[Start of Attachment]
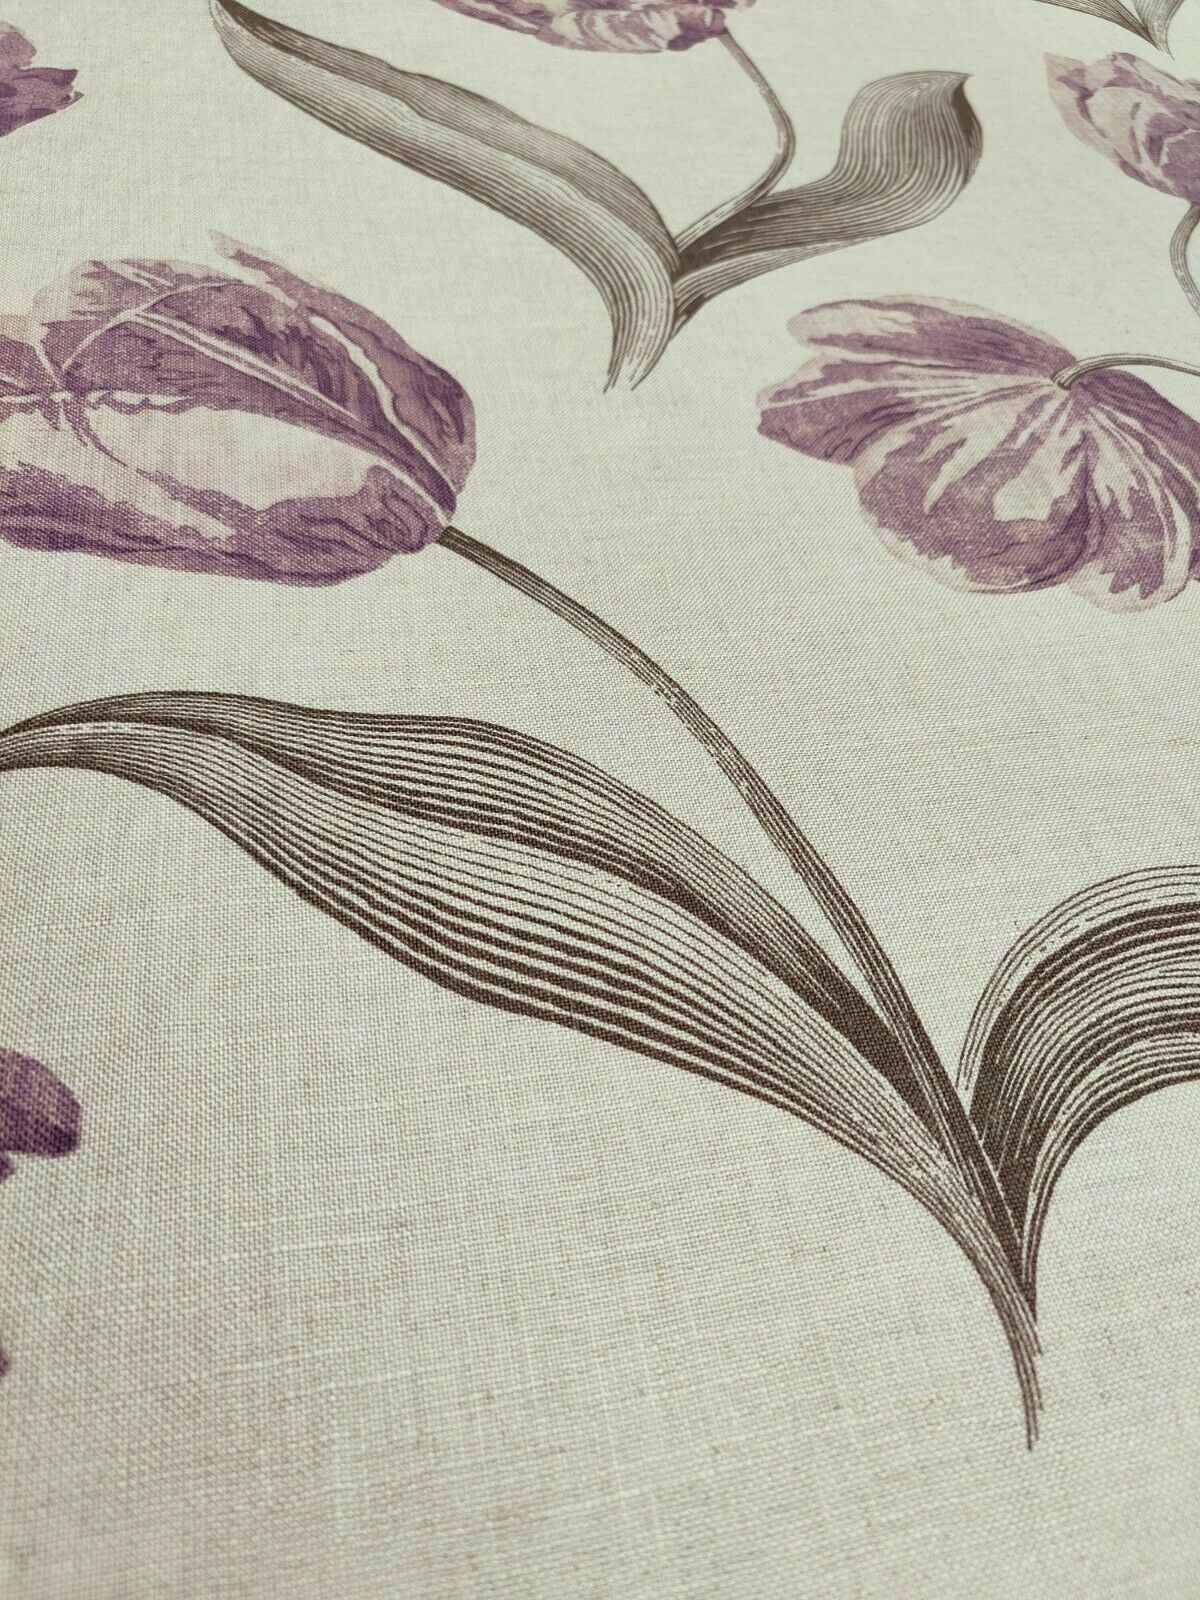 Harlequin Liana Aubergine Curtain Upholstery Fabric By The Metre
[End of Attachment]
[Start of Attachment]
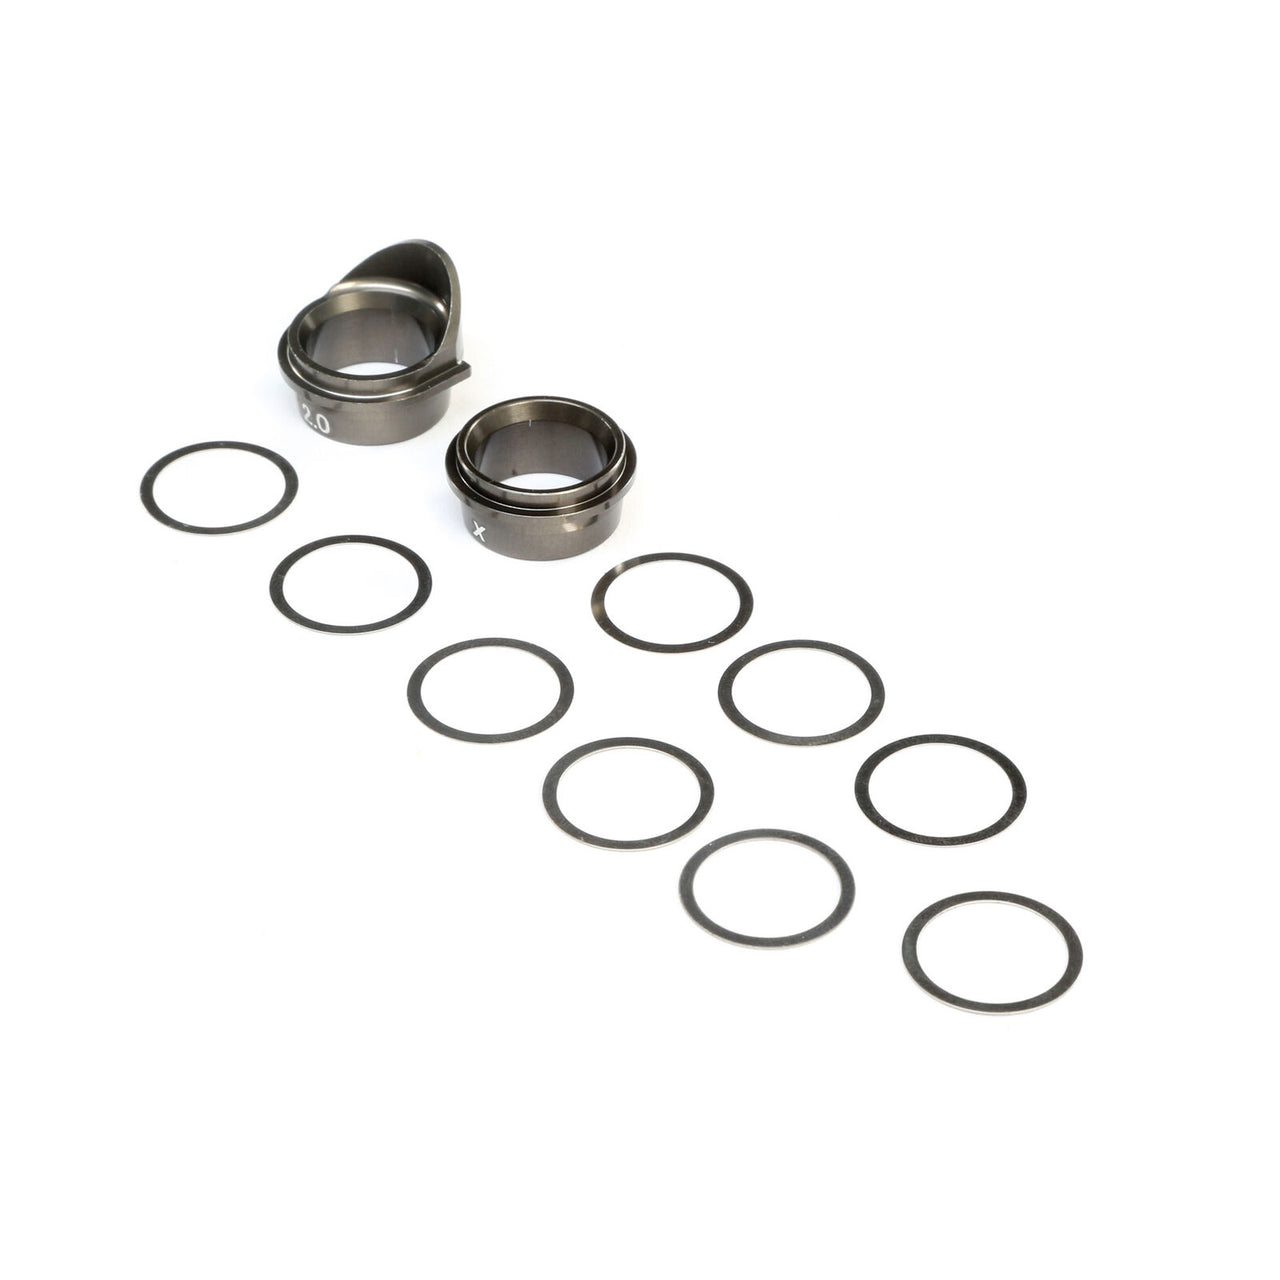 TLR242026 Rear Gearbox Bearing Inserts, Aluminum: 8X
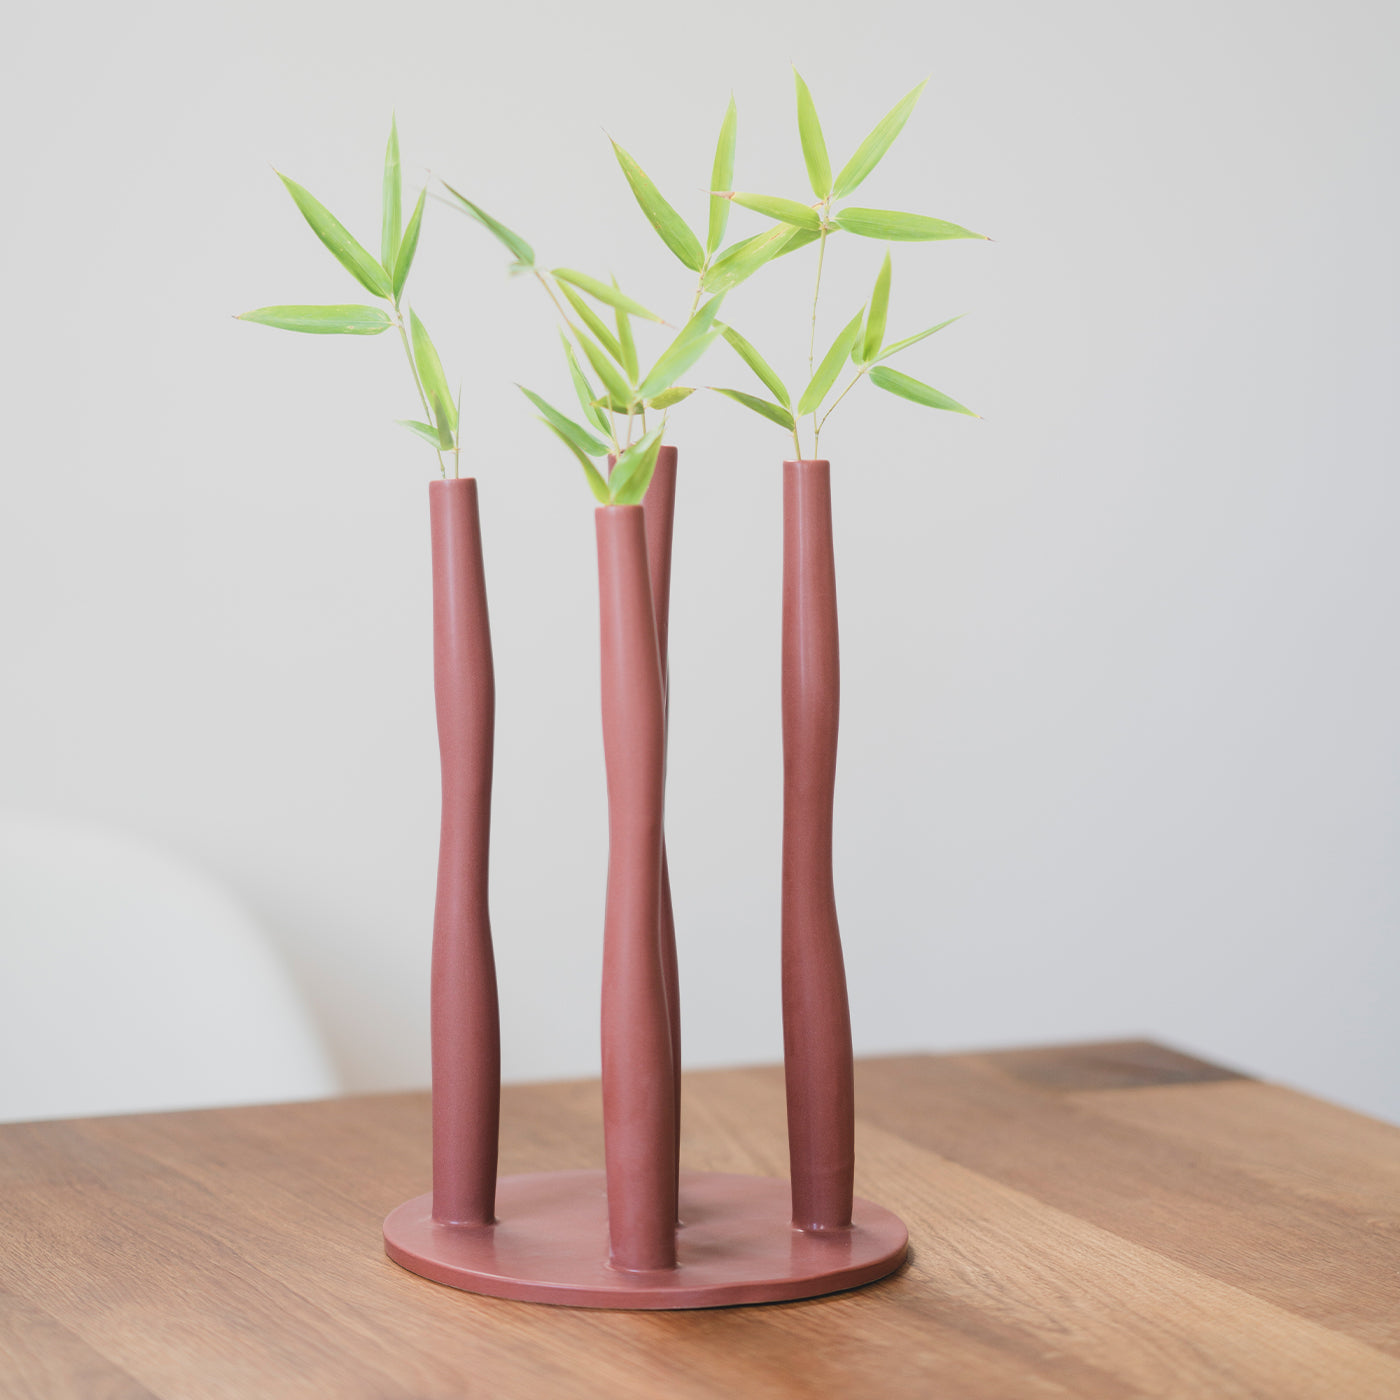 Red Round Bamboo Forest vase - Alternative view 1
[End of Attachment]
[Start of Attachment]
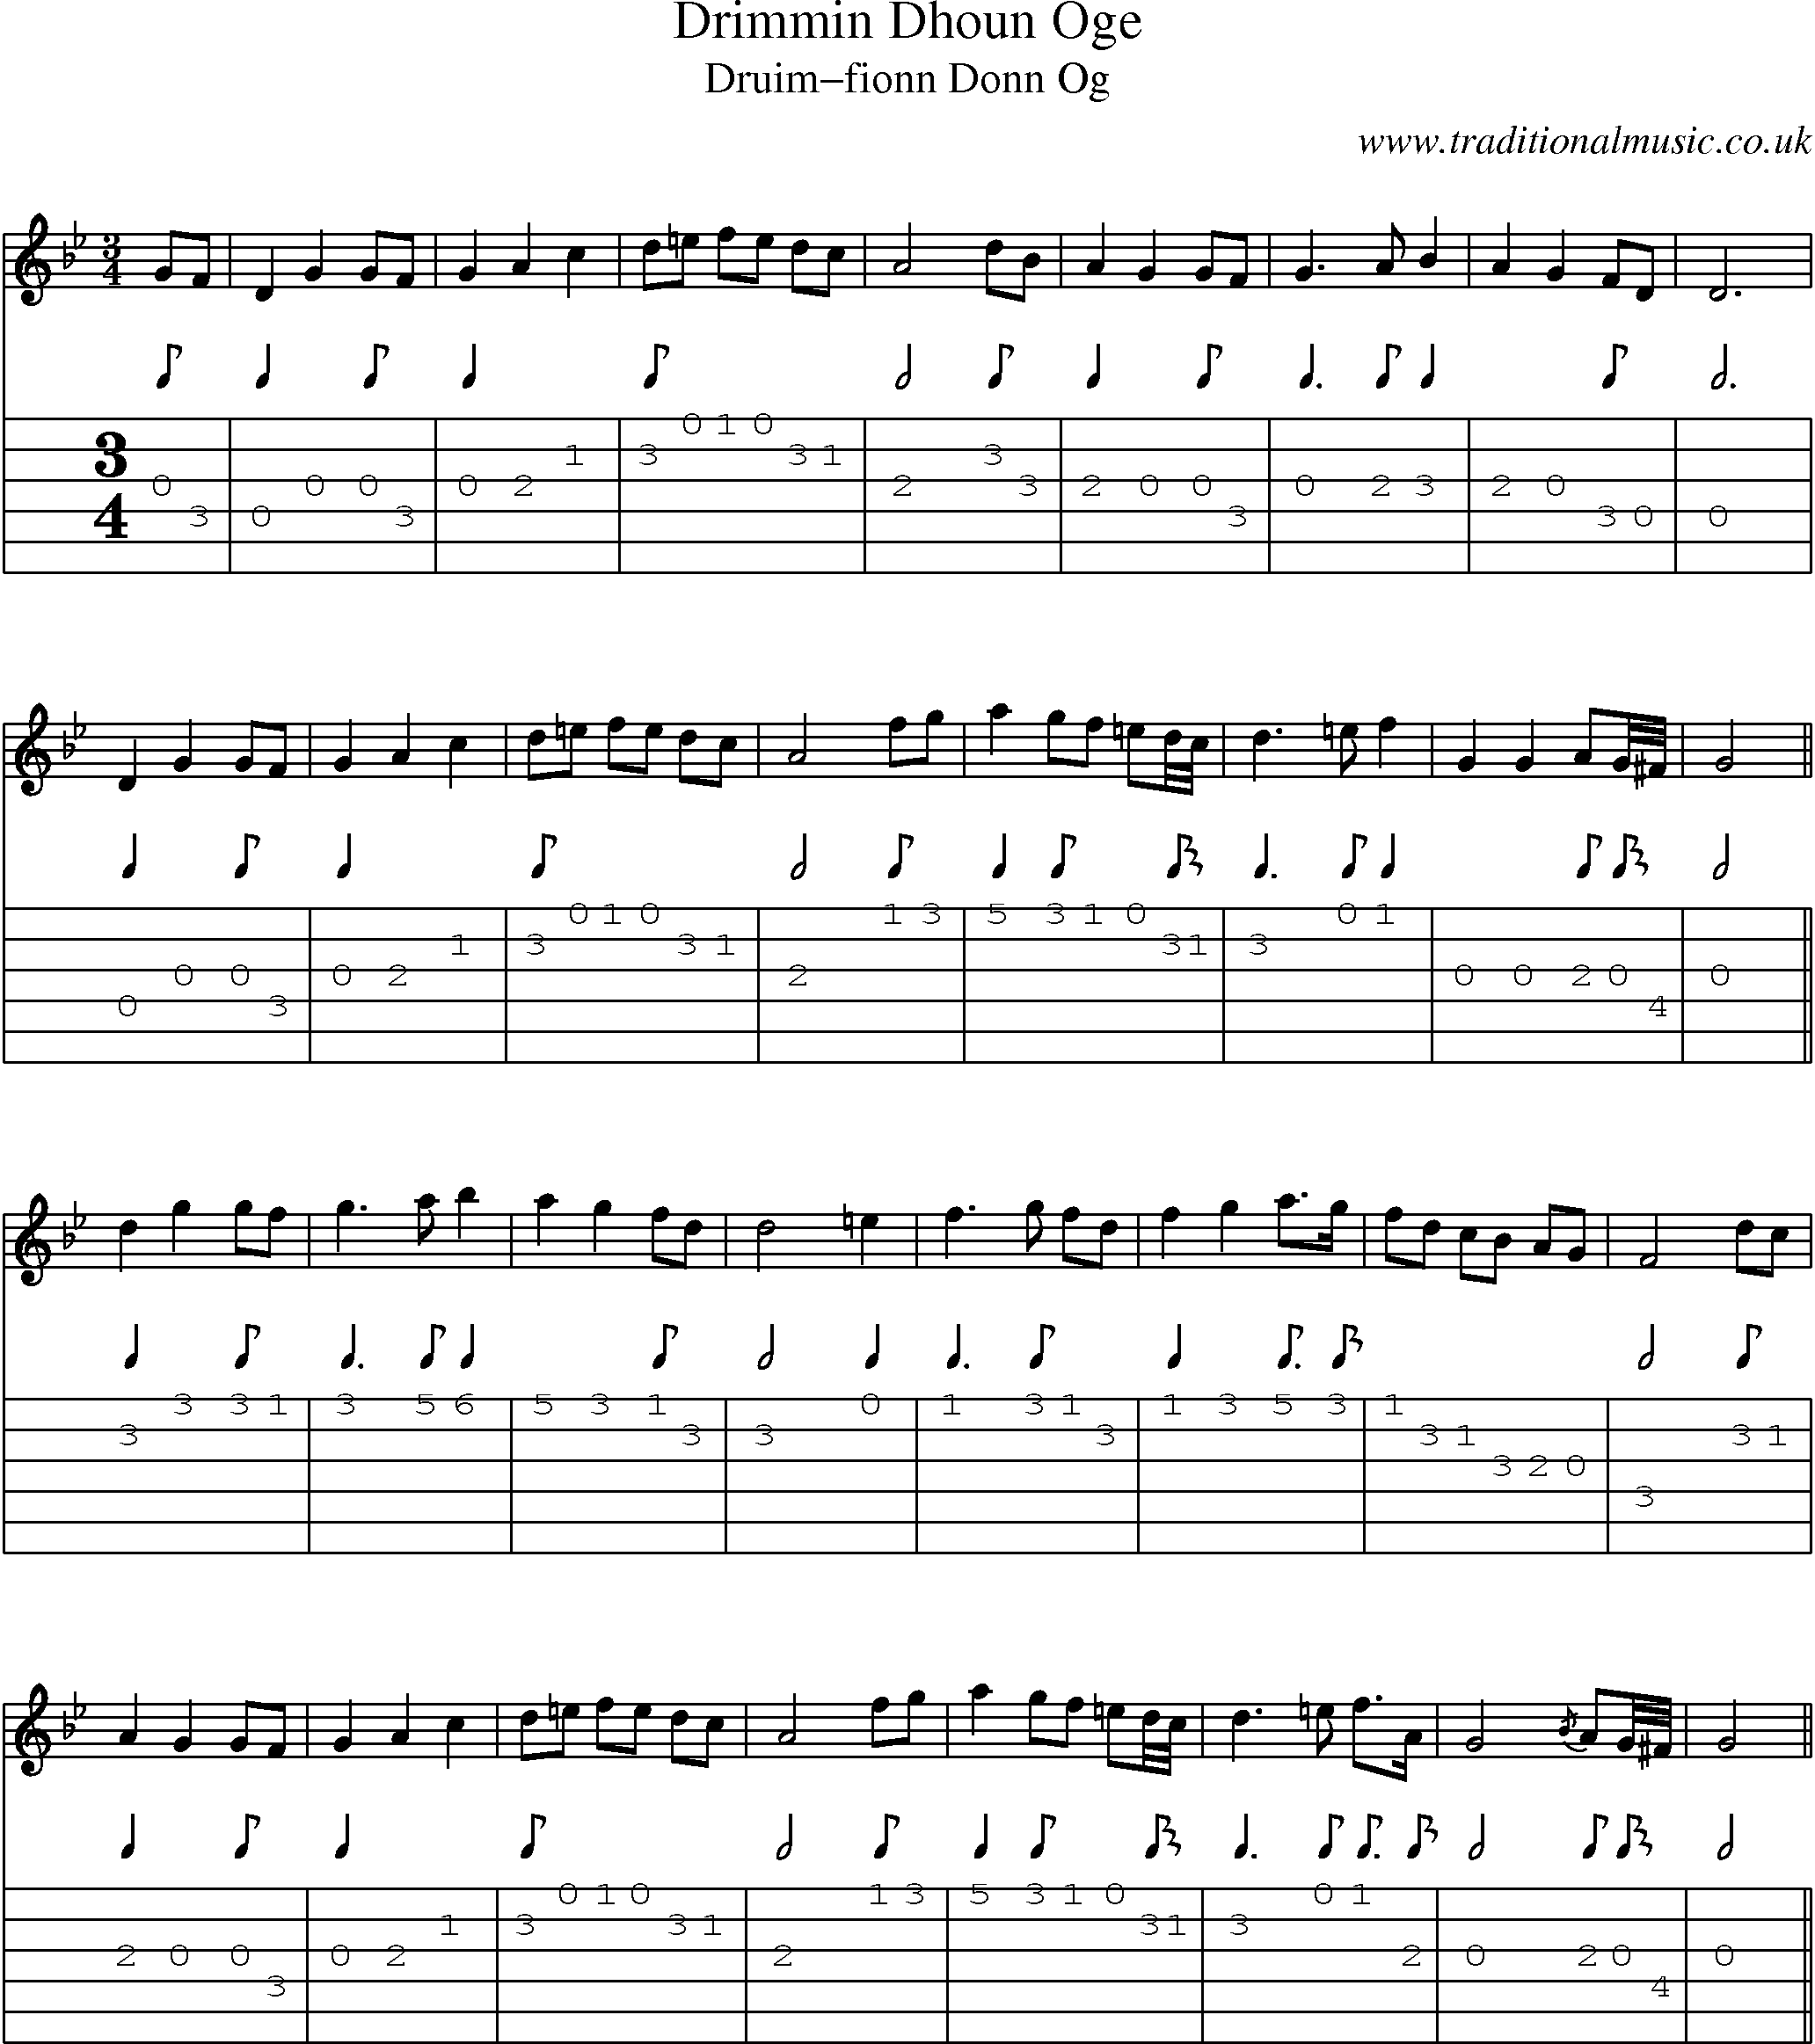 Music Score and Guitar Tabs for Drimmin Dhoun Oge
[End of Attachment]
#### Task to complete:
Pictures are to be left out. Write out only the lines above starting at the one with "TLR242026 Rear Gearbox" and ending at the one with "Red Round Bamboo", both lines included, exactly.

#### Response to this task:
 TLR242026 Rear Gearbox Bearing Inserts, Aluminum: 8X
 Red Round Bamboo Forest vase - Alternative view 1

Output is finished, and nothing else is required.